I curse under my breath and rectify the oversight. The kettle immediately spurts to life. I drum my fingers as I wait some more and finally, when I can hear it’s near enough to boiling, I slosh a little water into the cup and whisk it noisily with a fork.

Halfway through the surprisingly not awful soup, I remember I told my mother I’d be available on email. I doubt she’s tried to contact me, but I feel honour-bound at least to take a peek. I open my laptop and wait for the emails to come in.

Jack’s I delete without reading.

Curiosity is burning in me, but I know he has nothing to say that will change what has happened. However he wants to make himself feel better, I won’t allow it. He did hurt me. He should be sorry. It’s not my job to assuage his guilt.

I force myself to concentrate on the other emails, to put Jack from my mind. There is one from Grandma and I smile weakly, imagining her typing it on the iPad I gave her for Christmas. It probably took her an hour.

Darling.

I’m worried. I can’t explain it in any way that makes sense—I’ve had the heaviest feeling in my heart for days.

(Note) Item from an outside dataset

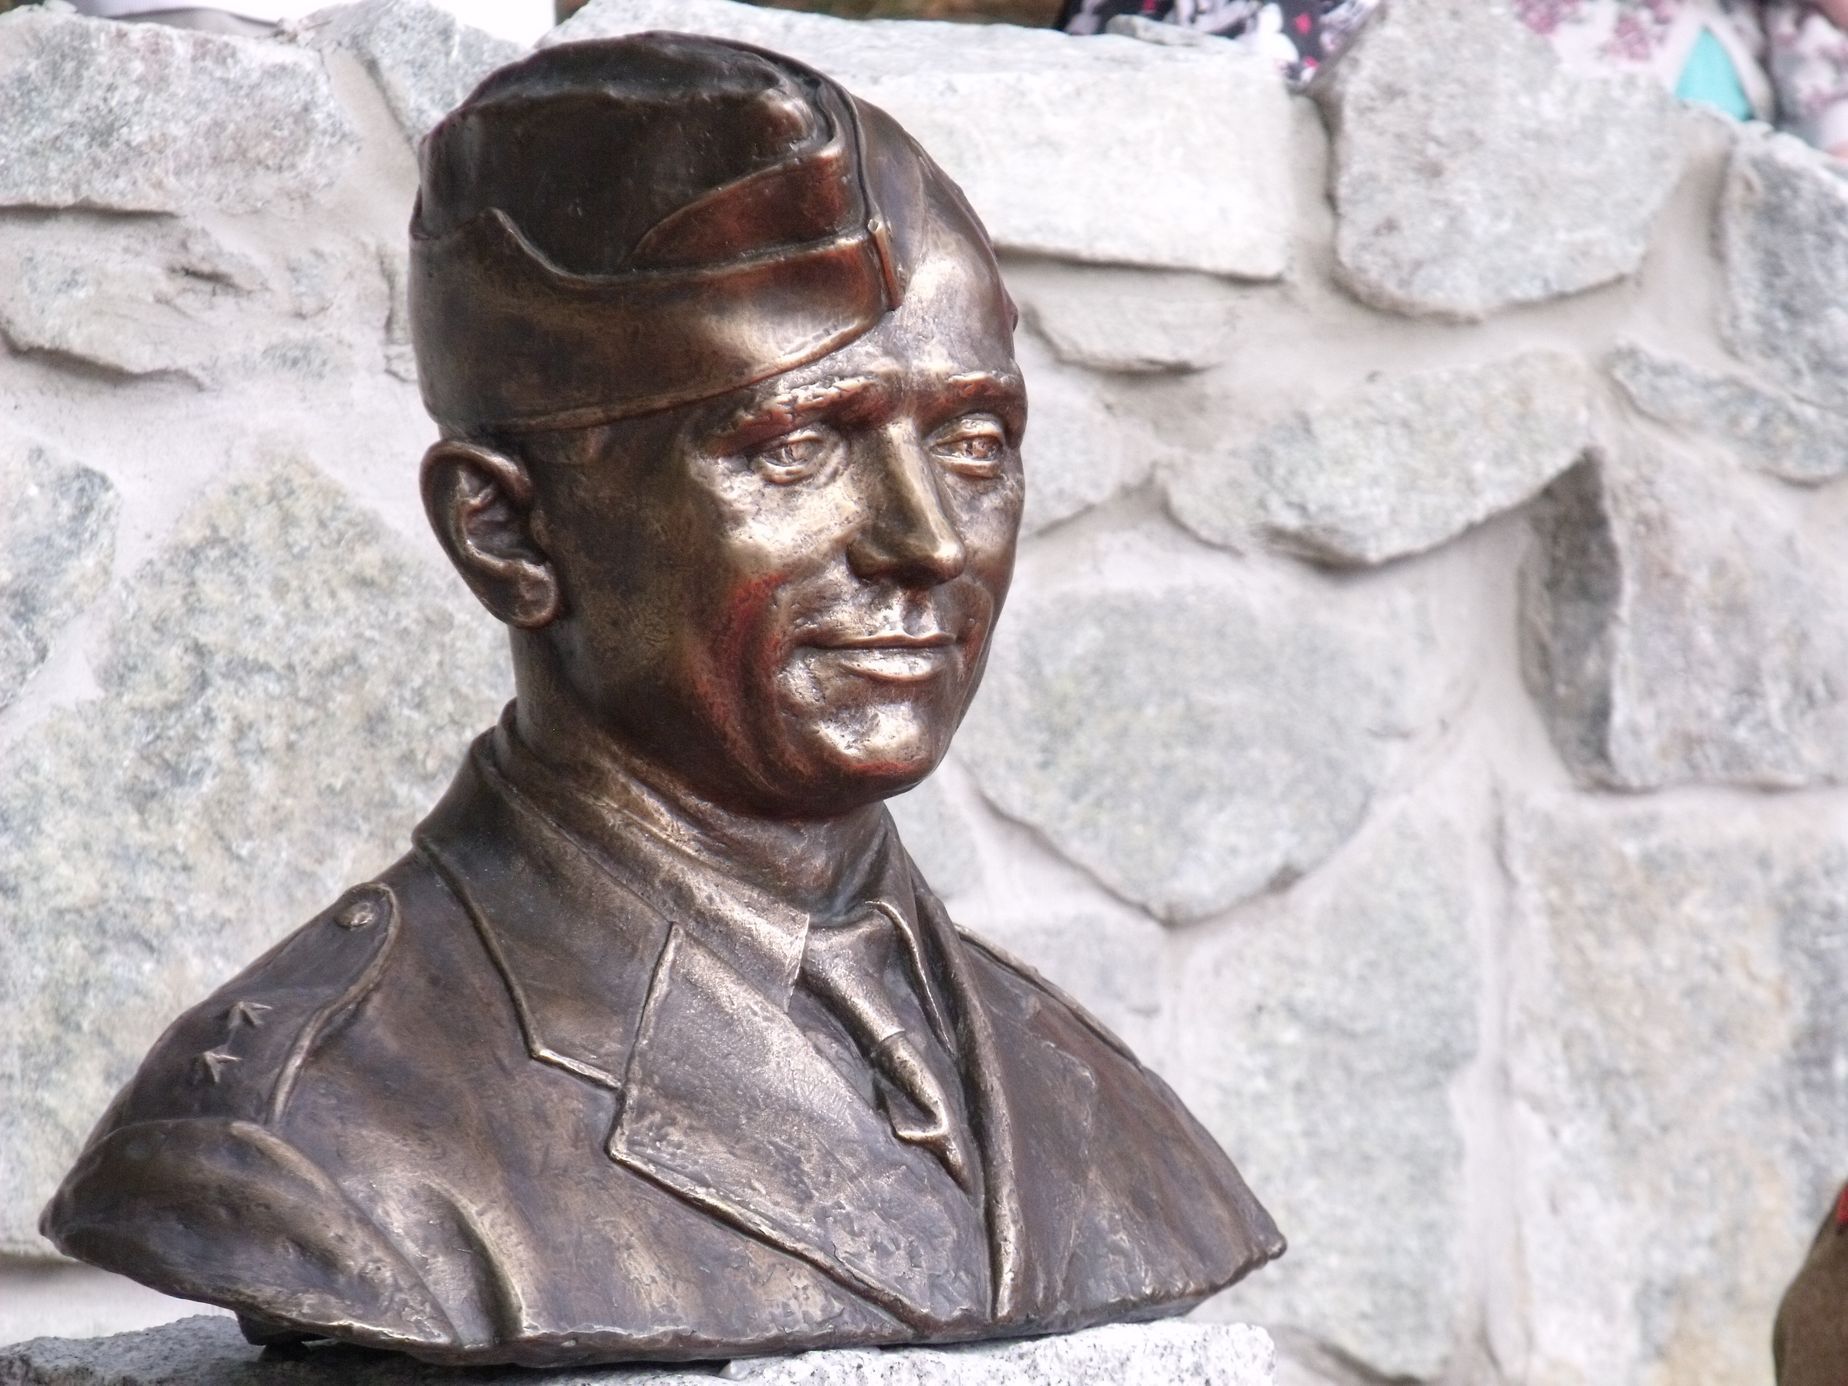 V rodišti parašutisty Josefa Gabčíka byl odhalen jeho usmívající se pomník

I’m sure it’s connected with you.

Can you call me tomorrow?

Gma Xx

My heart squeezes with affection for her. And the sense that she and I are connected in some way floods through me.

Trust Grandma to just ‘know’ when things aren’t right in my world.

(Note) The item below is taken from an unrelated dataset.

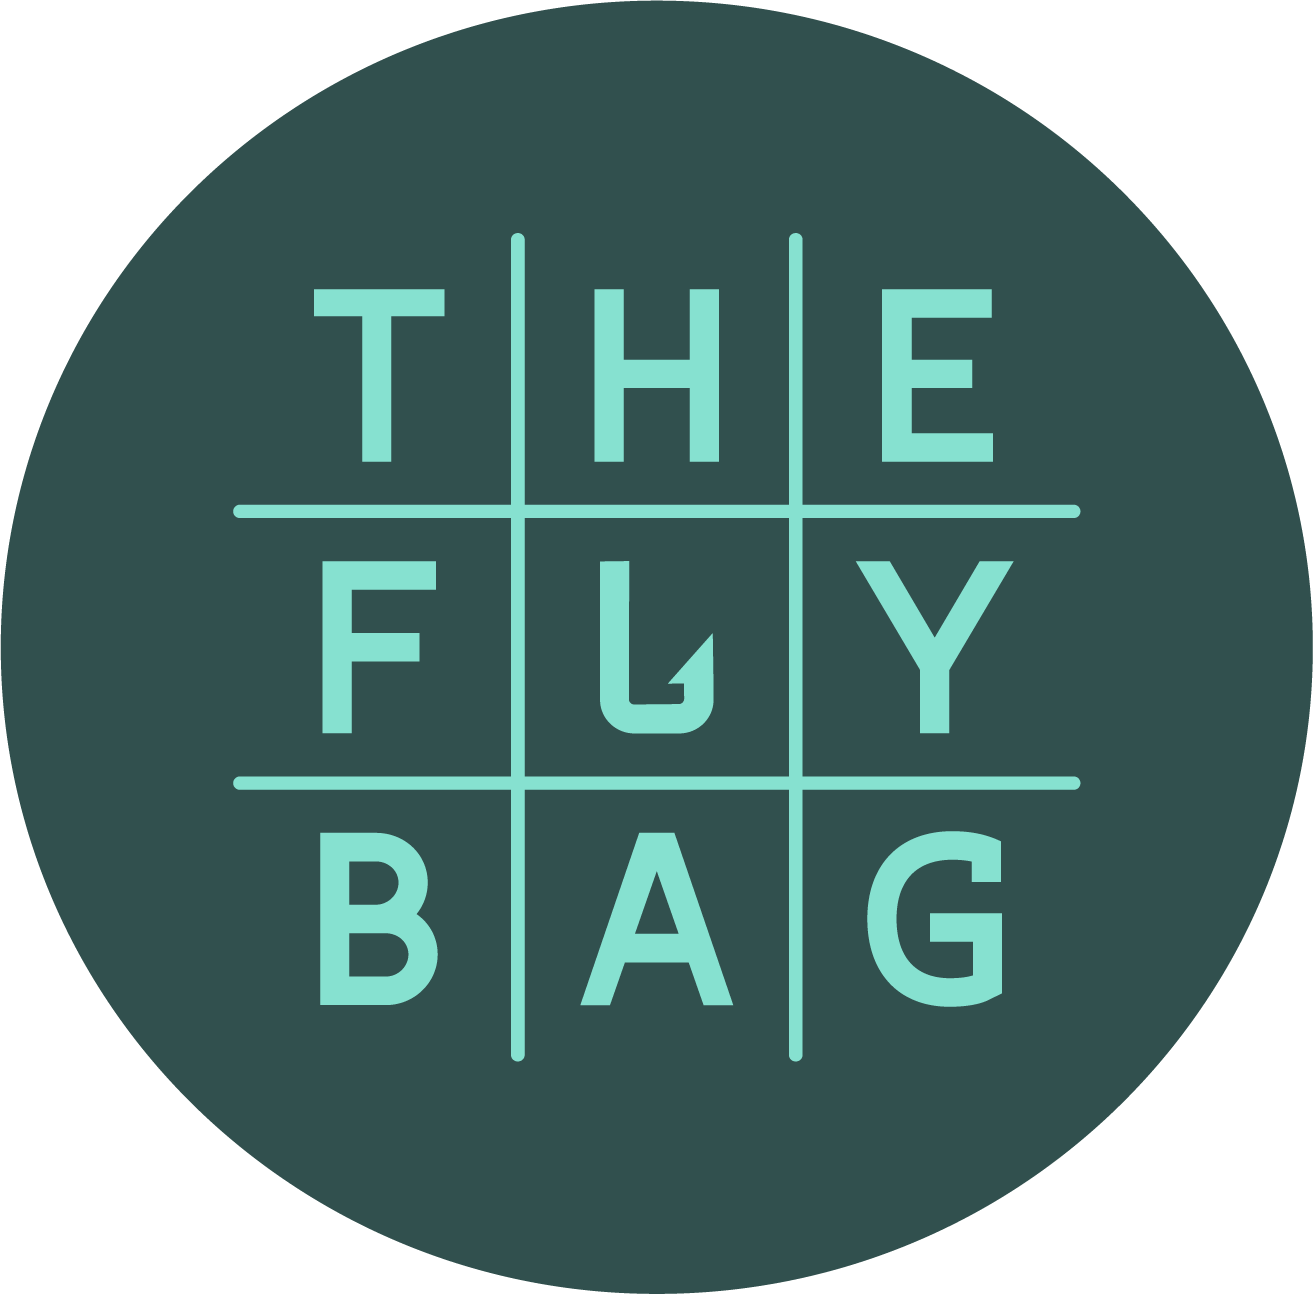 FlyBag

Everything’s fine. But I’ll call you tomorrow. Love.

I switch my computer off and finish the soup. I’m exhausted, but not sleepy. I’ve dozed all day, so I suppose that makes sense. I turn on the TV and stare at it for a few hours before going back to my nest.

I wake up with the sun, and only the thought of Jack coming again spurs me on to get out of bed. I doubt he’ll be content to bang on my door a second time, and I don’t particularly want to press charges for trespass.

I dress in running gear—for a quick getaway rather than any genuine interest in exercise—and pull the door open. The breeze slaps me in the face. I take care to step over the flowers, resolving to deal with them when I get back—really this time. I lock the door and begin to jog around the corner and up the narrow laneway that leads to several cafés.

Only I don’t plan to stay in Hampstead. It’s too close to Jack.

I catch a cab into Soho and lose myself in the throng of people and busyness. But as I kick out of Tottenham Court Road and get pulled into the riptide of shoppers on Oxford Street I have to stop walking and grip the brick wall beside me for support.

The pain is visceral and sharp.

The realisation that it’s over—whatever we were, whatever it was—is deep and sudden. It ruptures my chest like barbed wire pulled at high speed.

I no longer want to be around people.

I move towards the road, lifting my hand and flagging down a cab. It pulls over on a double yellow, blocking a bus that lets us know its displeasure by sounding its horn loudly. I wave in acknowledgement and hurl myself into the back, giving my address and collapsing against the seat.

I must doze off because the cab driver speaks loudly as we arrive home and I’m startled as if from a deep sleep.

‘Thank you.’

I tap my credit card and step out. It’s early afternoon and my tummy groans with hunger. The breakfast I planned on didn’t happen and I have only just realised. I step over the flowers once more, promising myself I’ll throw them out soon, and push the door shut behind myself.